湿原を牧草地にするため,水路が掘られ,道路が整備されました。
牧草地時代の霧ヶ谷湿原
牧場化によって乾燥が始まり,湿地性の植物が少なくなってきたこの地域に,以前あった湿原植生を再生します。現在のノイバラやハルガヤ,カンボクなどが繁茂するやぶ状の植生から,ヨシやオタカラコウ,マアザミ,ハンノキなどを中心とした湿地植生に転換することにより,カスミサンショウウオやヒロシマサナエ,ゲンゴロウなどといった湿原を住みかとする生き物が多く見られるようになります。
霧ヶ谷湿原ではこれまでに植物や動物などについて様々な調査が行われました。

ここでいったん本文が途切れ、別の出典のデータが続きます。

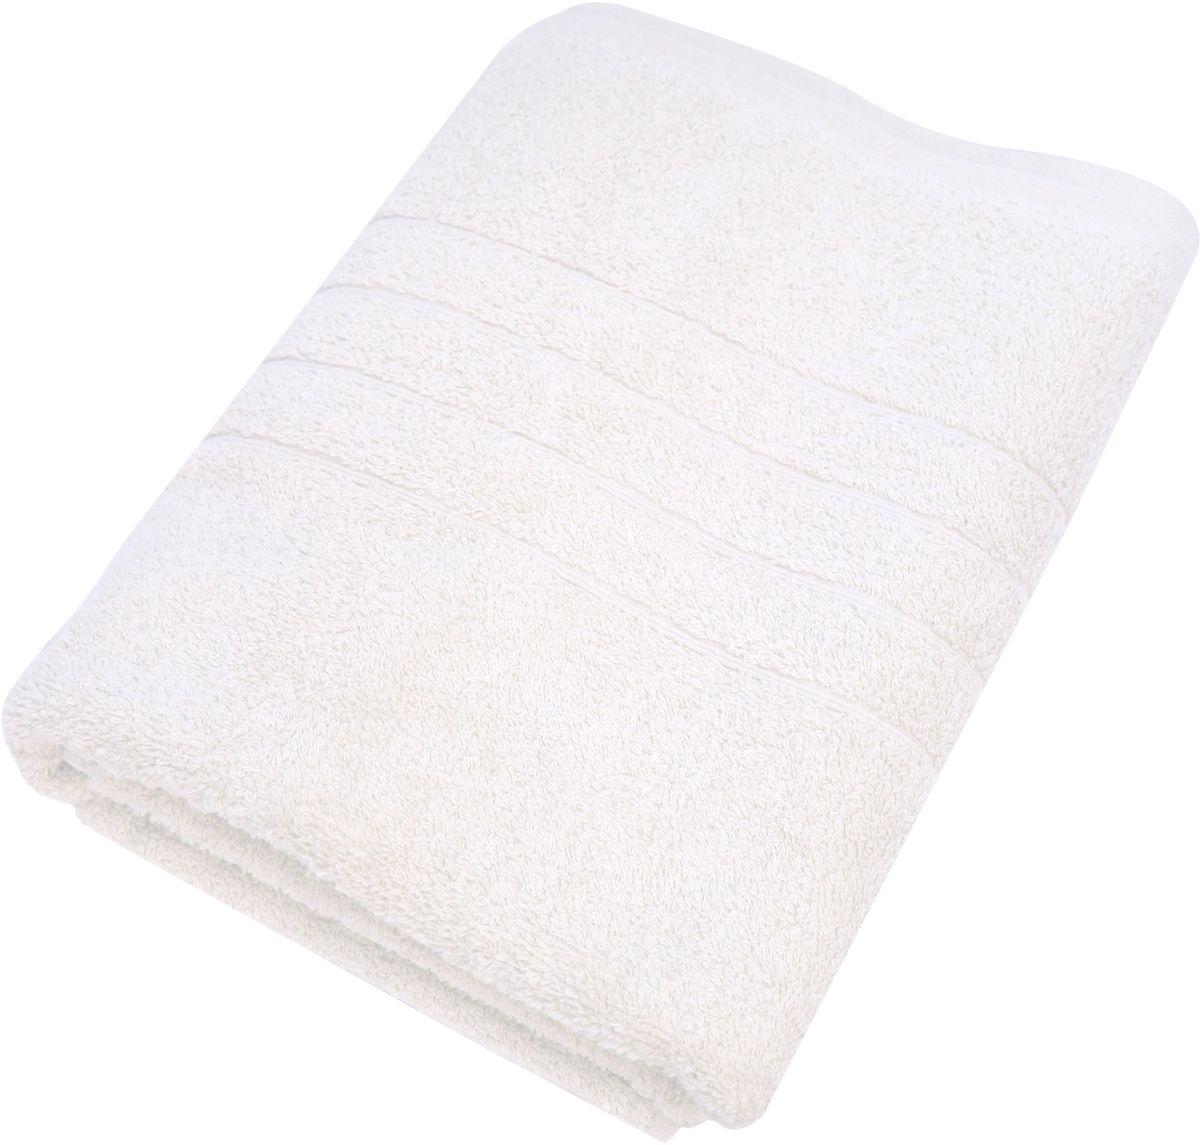 Полотенце Proffi Home Модерн, цвет: белый, 70x140 смPH3272Состав: 100% хлопок.

その結果,乾燥したやぶの中でも,くぼみがあって水がたまるような場所には「湿原のかけら」が残っていることがわかり,水さえ十分にあれば,湿原に戻る可能性が高いと考えられます。
まずは霧ヶ谷湿原の中央を流れるコンクリート三面張り水路の上流部に取水堰や導水路を作って湿原に広く水を廻し,その変化を見守っていきます。それと同時に,この事業によって災害が起こらないように,土砂の流出や水の流量についてモニタリングを行っていきます。これらの結果をみて,災害の防止と湿原の再生の両立を図りながら,さらに下流部の再生について進めていきます。